● What to work on
Pictures stay out; everything else in the listing below is to be restated word for word.

● Data extract
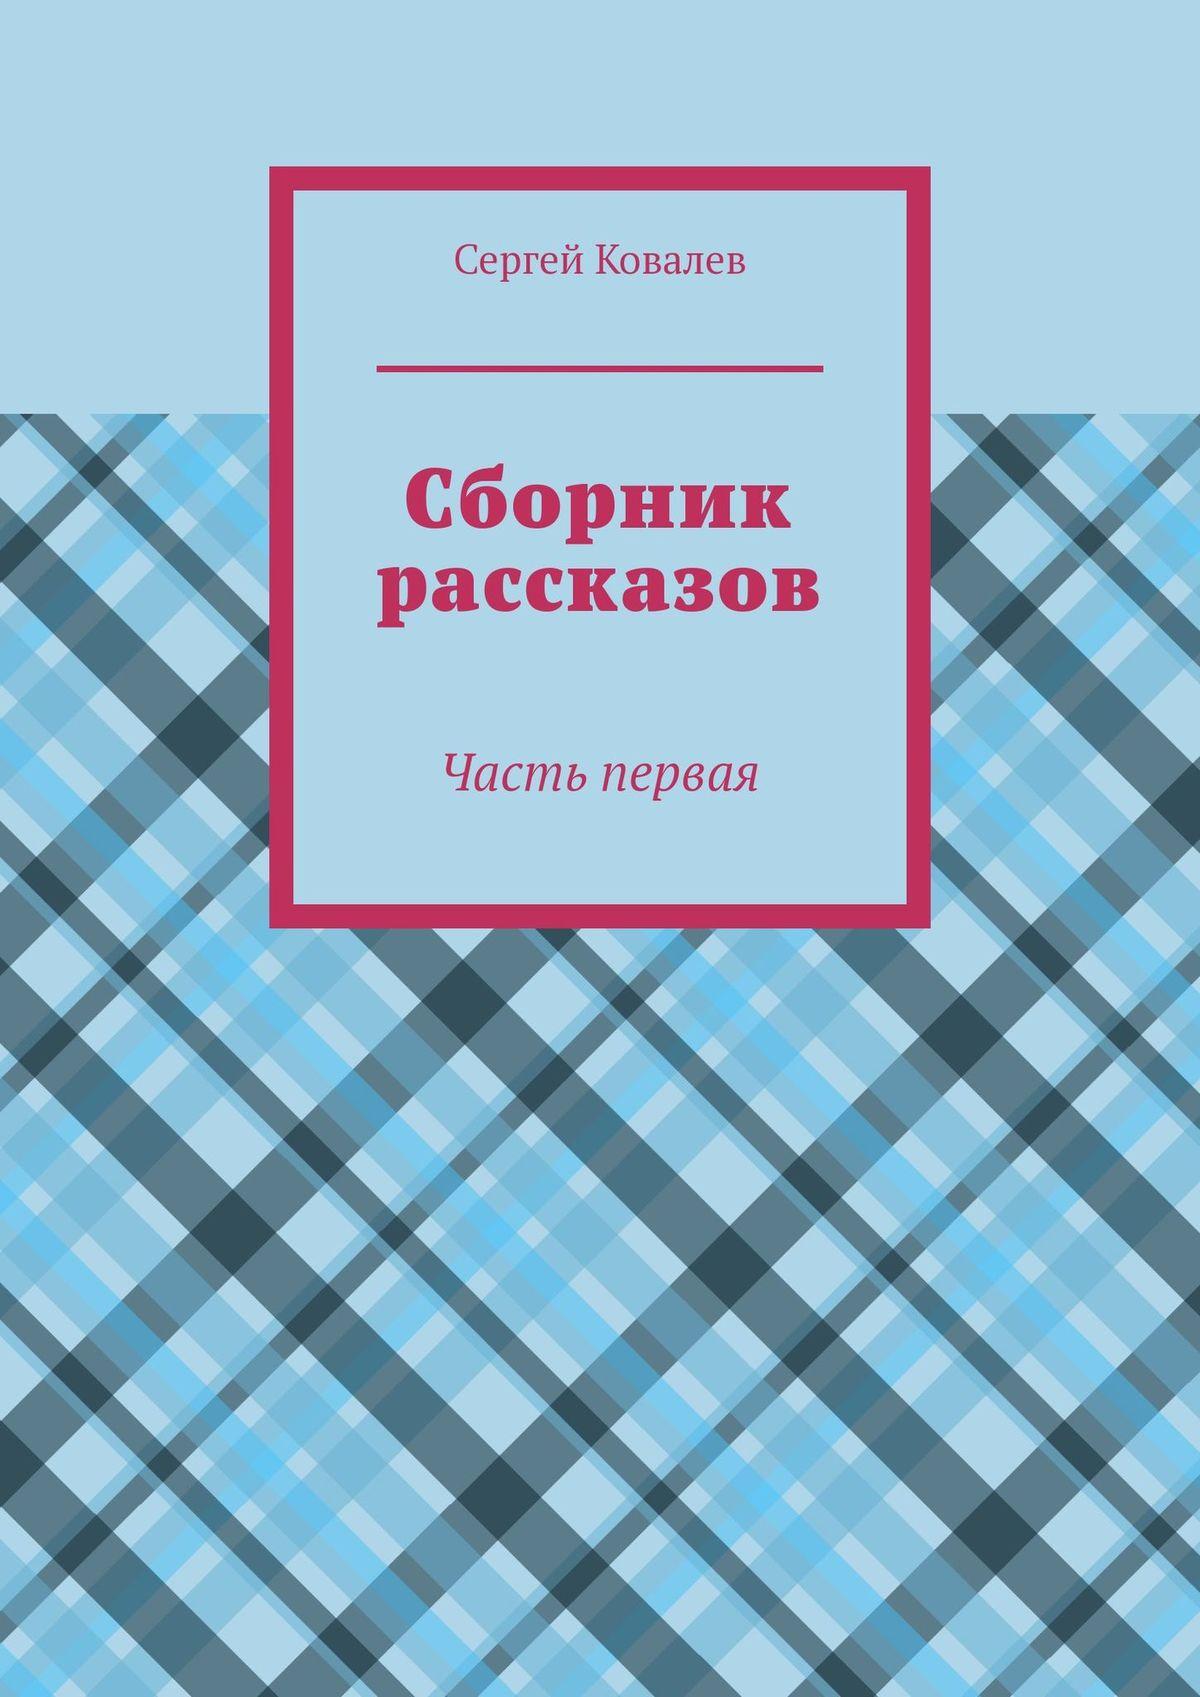 Сергей Ковалев Сборник рассказов. Часть первая виталий ковалев янтарь  сборник
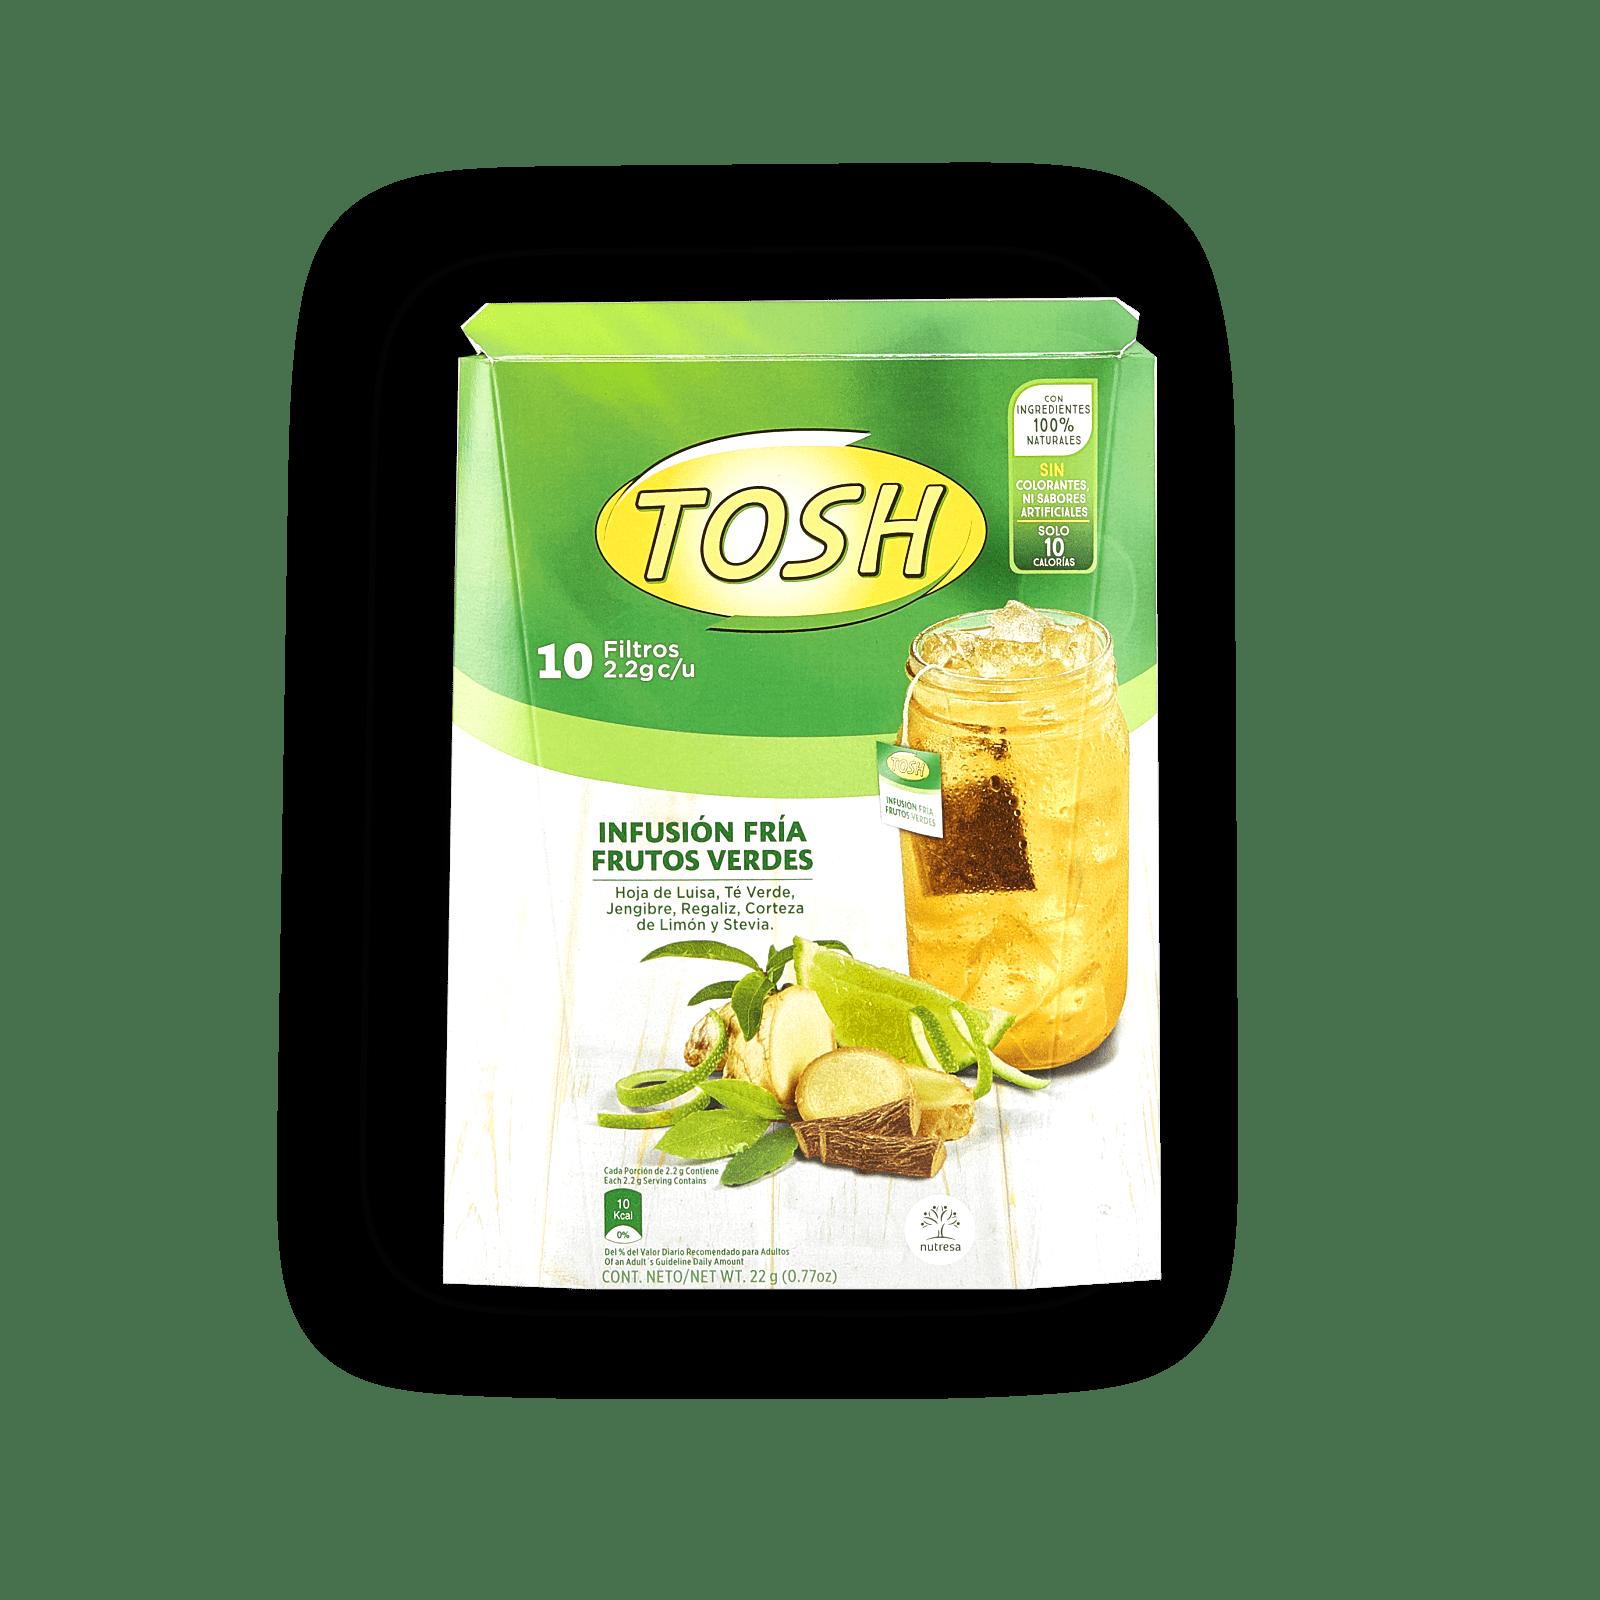 Infusión Fría Frutos Verdes
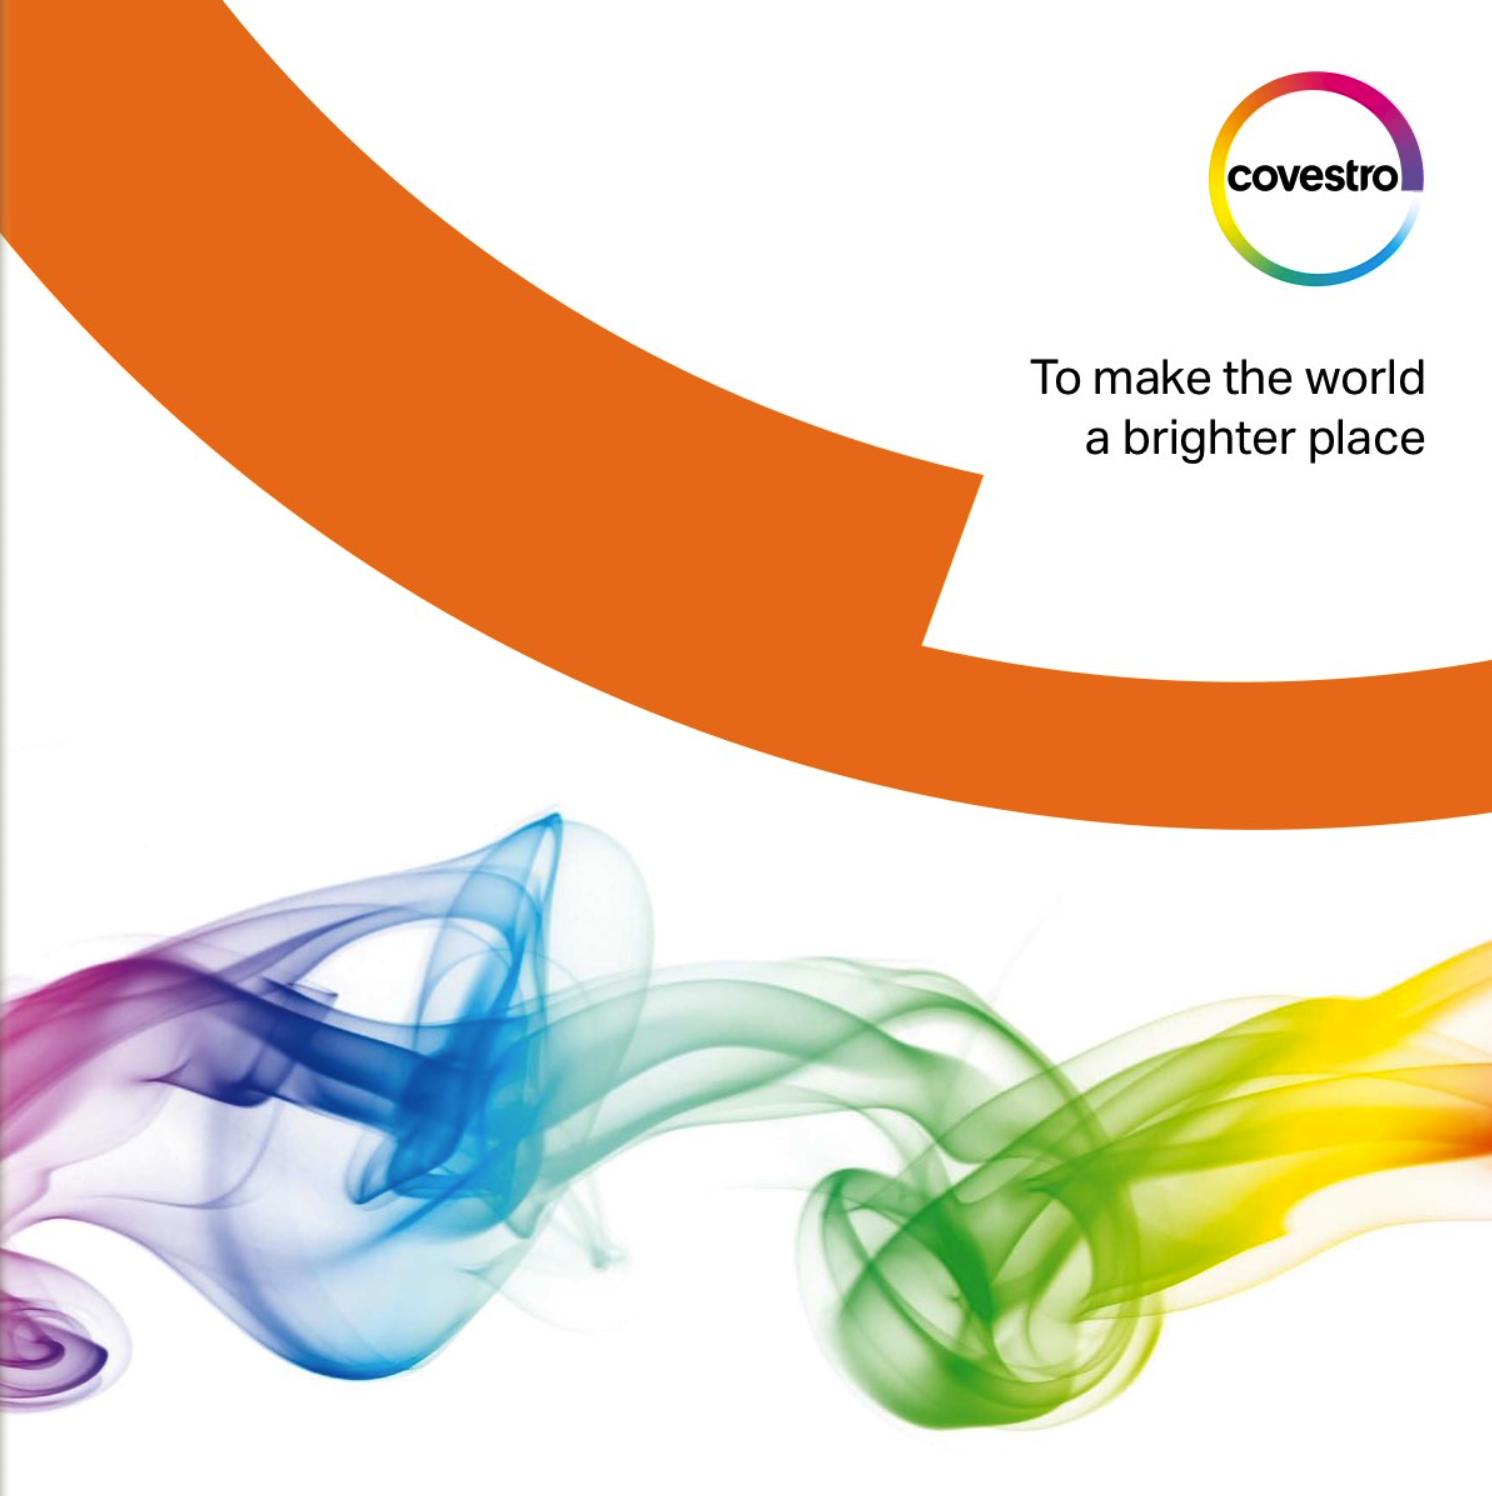 Covestro brochure

● Problem solution
 Сергей Ковалев Сборник рассказов. Часть первая виталий ковалев янтарь  сборник
 Infusión Fría Frutos Verdes
 Covestro brochure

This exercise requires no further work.